I want to hold you so tenderly in my hands that you forget what it’s like to experience the feeling of pain. The thought that it could have ever been me to inflict such suffering is killing me before I believe I’ll get the chance to try. The destruction that I reigned was for my benefit. To keep myself alive. What fucking selfish creature could think that one person’s liberation could be worth the decimation of entire families—the circumstances of their demise be damned. Utilitarian number games run through my head as I count the bodies I willingly piled for my own satiation. Ones whose claws scraped through my clothing and screams shattered my ear drums. Ones who ripped those I loved limb from limb for minor transgressions one wouldn’t even be able to consider. All gone. For what? For my own survival? For one kid. For me. Just for me.

There is something on my face that makes people want to see me bleed, and I don’t know what it looks like—I only know what it looked like when I turned those same people into Gods with the holy blood they stole from me.

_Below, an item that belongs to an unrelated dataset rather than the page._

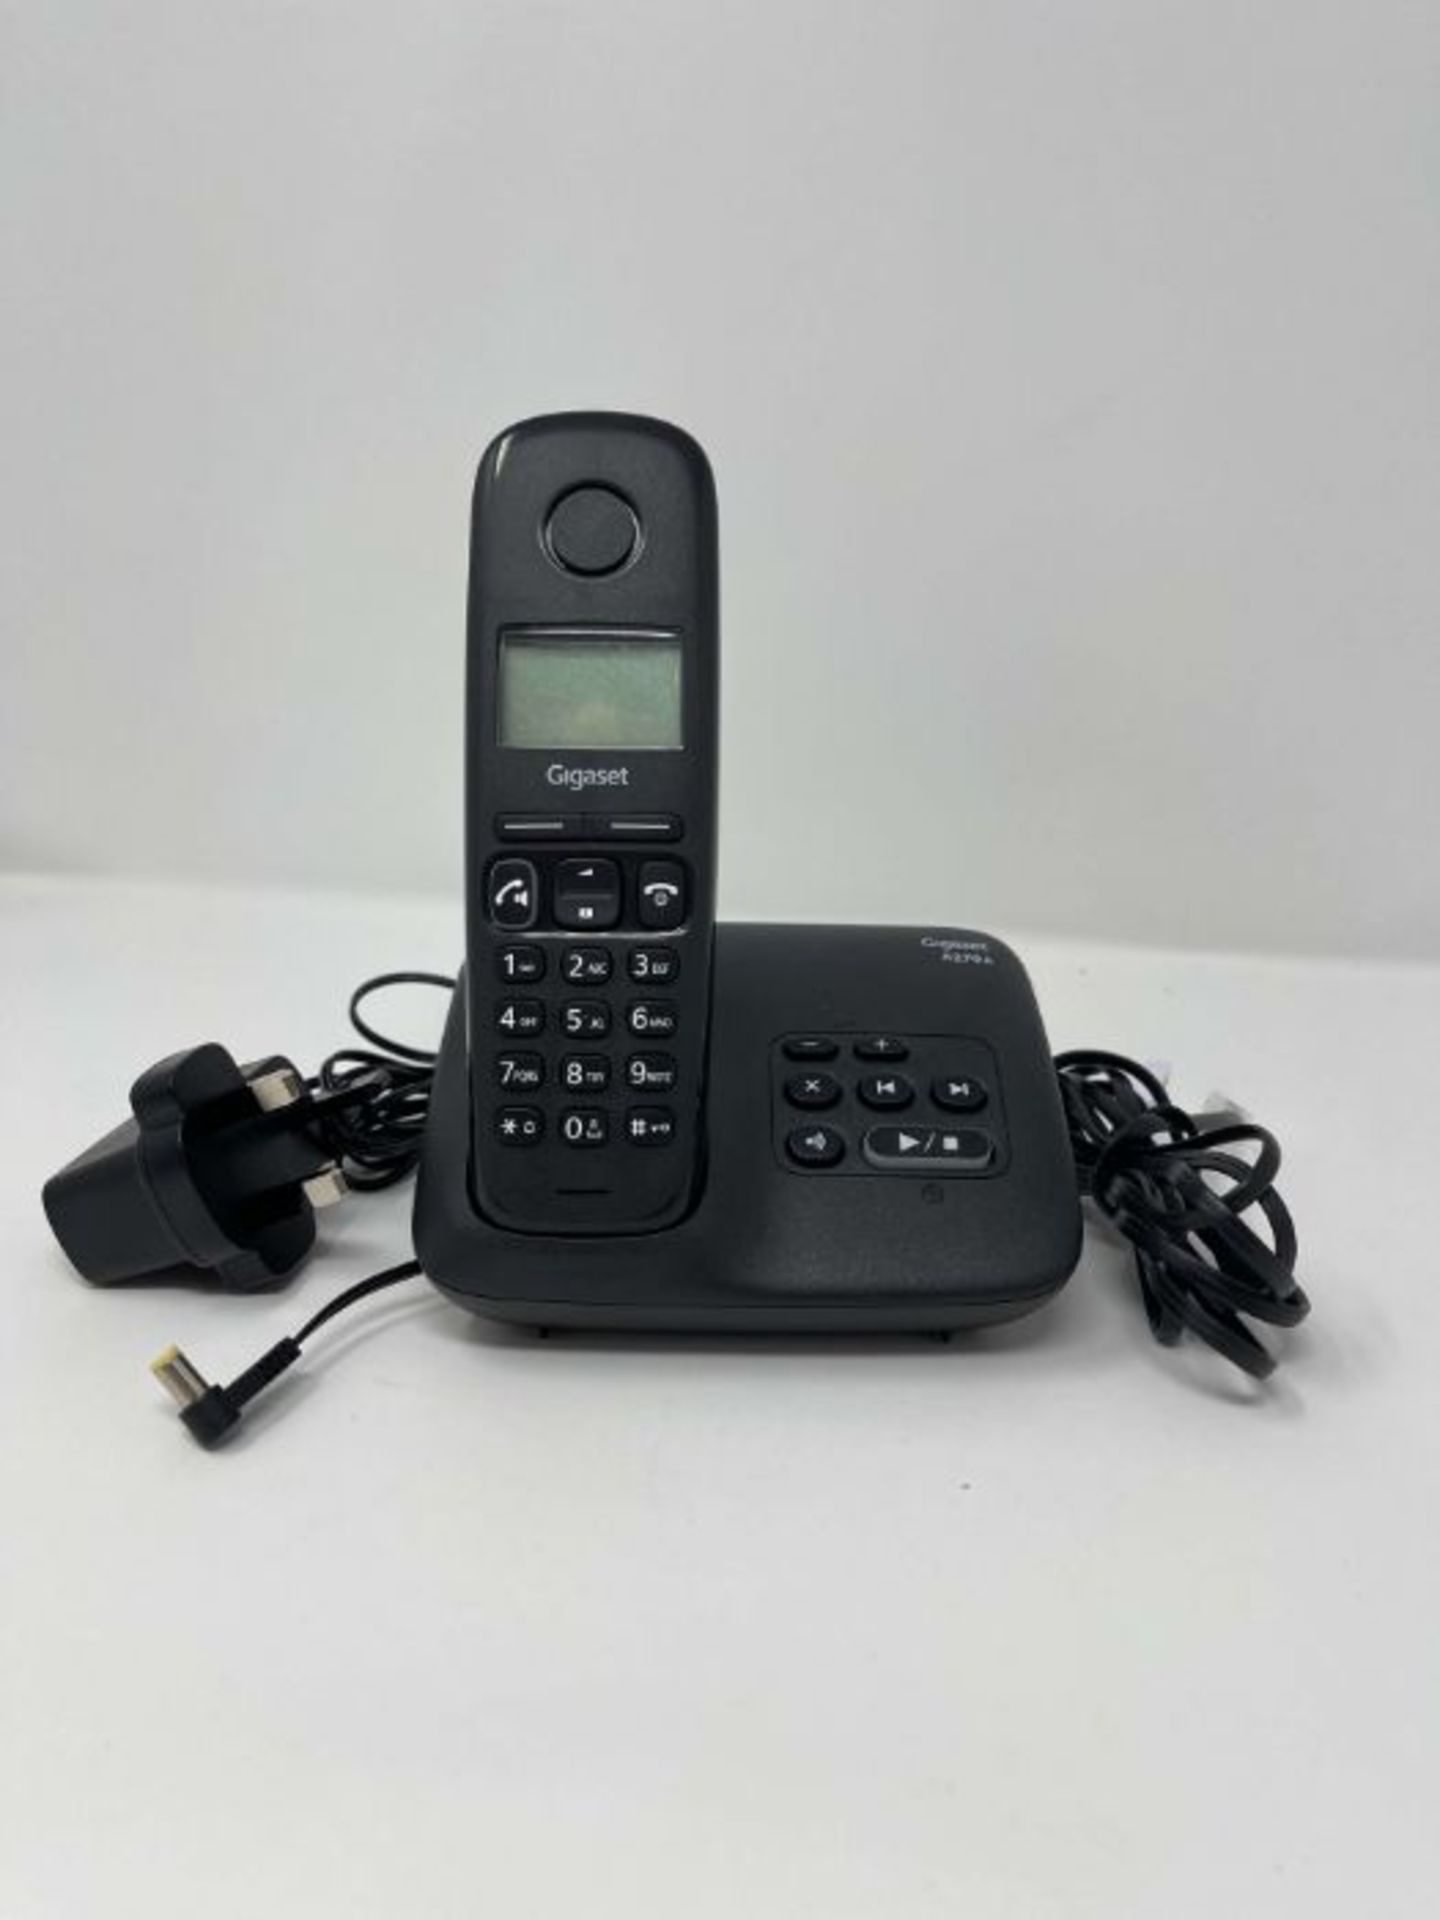 Gigaset A270A Easy to use Cordless Home Telephone with Answering Machine, Speakerphone - Image 2 of 2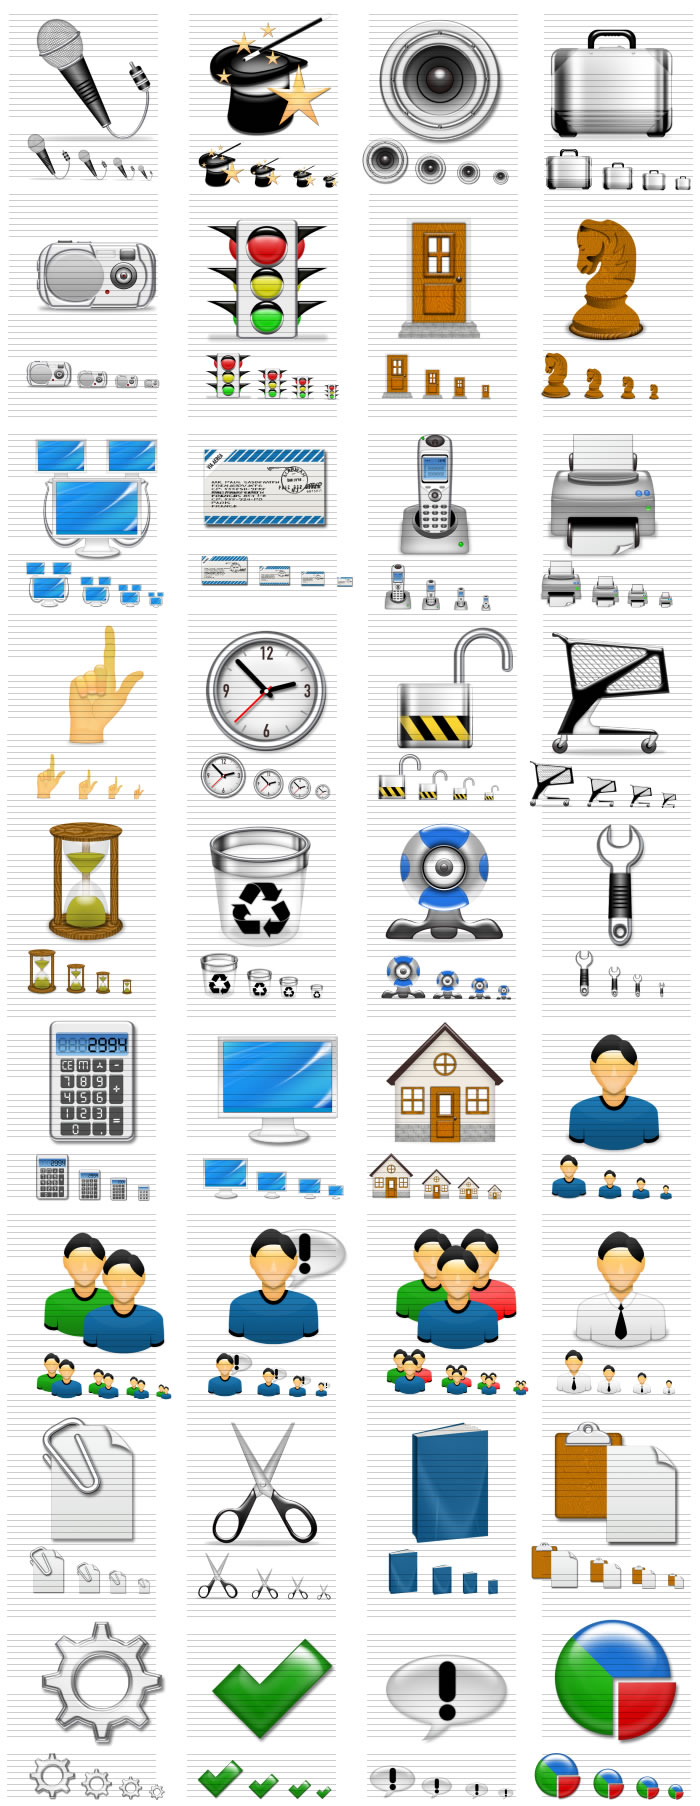 Iconshock Impressions - Professional icons for your software and web Screenshot

You broke bread from my body one too many times—now I have none to eat myself and I’m wearing my ribs as jewels. God, are you watching now? I held onto my body thinking only about the way it would look hanging from the ceiling. I’ve gained my peace, but at what cost? Deservedness be as damned as they are; the feeling of sustaining another’s body at the cost of my own is a divine poison that I cannot describe to another and every moment that I am alive I want to be drunk or dead. Memories of people that I have left behind, left hanging, left hurting will never leave the screen that plays against my will behind my eyelids. How can I deal with what I’ve seen? How can I cope with becoming exactly what they made out of me?